### Aim of the exercise
Restate word for word the lines of the records below, starting at the line that contains "Swift Noir Laptop" and ending at the line that contains "Estelle Colored Champagne", with both of those lines included and nothing else.

### Excerpted data
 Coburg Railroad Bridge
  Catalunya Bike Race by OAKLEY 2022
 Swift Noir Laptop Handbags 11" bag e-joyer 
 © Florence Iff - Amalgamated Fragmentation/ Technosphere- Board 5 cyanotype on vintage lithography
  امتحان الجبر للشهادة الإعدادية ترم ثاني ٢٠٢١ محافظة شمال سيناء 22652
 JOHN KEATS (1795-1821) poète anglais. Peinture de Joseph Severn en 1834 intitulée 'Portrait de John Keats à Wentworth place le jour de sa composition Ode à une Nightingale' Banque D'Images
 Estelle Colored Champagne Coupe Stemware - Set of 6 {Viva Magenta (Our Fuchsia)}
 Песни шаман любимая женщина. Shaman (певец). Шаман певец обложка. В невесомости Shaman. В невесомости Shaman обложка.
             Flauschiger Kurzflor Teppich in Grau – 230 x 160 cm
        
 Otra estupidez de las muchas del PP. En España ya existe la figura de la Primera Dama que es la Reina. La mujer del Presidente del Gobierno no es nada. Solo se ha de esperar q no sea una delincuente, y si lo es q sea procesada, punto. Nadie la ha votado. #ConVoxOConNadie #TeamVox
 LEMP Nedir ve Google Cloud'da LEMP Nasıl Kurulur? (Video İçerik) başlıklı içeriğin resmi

### Exercise answer
 Swift Noir Laptop Handbags 11" bag e-joyer 
 © Florence Iff - Amalgamated Fragmentation/ Technosphere- Board 5 cyanotype on vintage lithography
  امتحان الجبر للشهادة الإعدادية ترم ثاني ٢٠٢١ محافظة شمال سيناء 22652
 JOHN KEATS (1795-1821) poète anglais. Peinture de Joseph Severn en 1834 intitulée 'Portrait de John Keats à Wentworth place le jour de sa composition Ode à une Nightingale' Banque D'Images
 Estelle Colored Champagne Coupe Stemware - Set of 6 {Viva Magenta (Our Fuchsia)}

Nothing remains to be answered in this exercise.